*Task directions:*
All of the data, word for word and free of pictures, is the expected result.

*Exercise data:*
****************************************

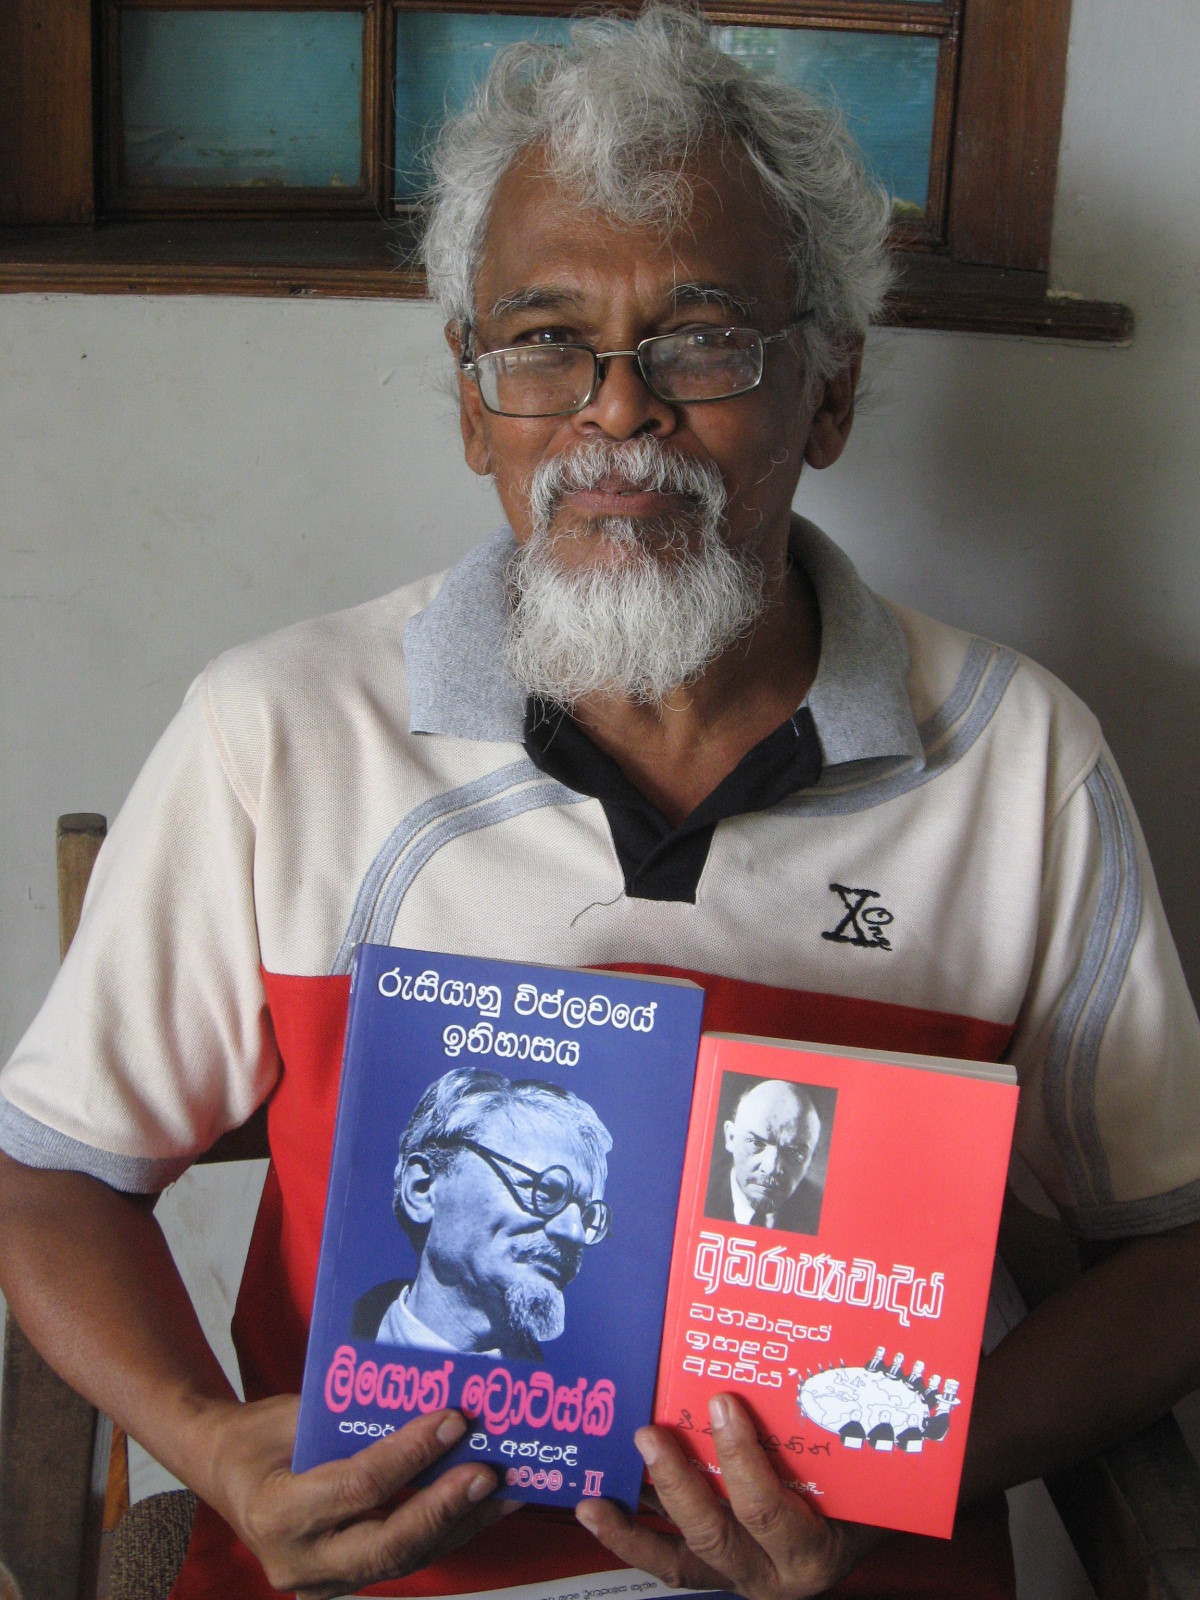 Trotskyist — Communist (Colombo, Shri Lanka)<br/> <br/>
«Инкарнация Троцкого»<br/> <br/>
Этого дедушку сфотографировал в Коломбо (Шри Ланка). Он продавал коммунистическую литературу на сингальском языке. Если кто из режиссеров задумает снять фильм о жизни Льва Троцкого — вот вам отличный кандидат на главную роль!!! )))

****************************************

*Task result:*
 Trotskyist — Communist (Colombo, Shri Lanka)<br/> <br/>
«Инкарнация Троцкого»<br/> <br/>
Этого дедушку сфотографировал в Коломбо (Шри Ланка). Он продавал коммунистическую литературу на сингальском языке. Если кто из режиссеров задумает снять фильм о жизни Льва Троцкого — вот вам отличный кандидат на главную роль!!! )))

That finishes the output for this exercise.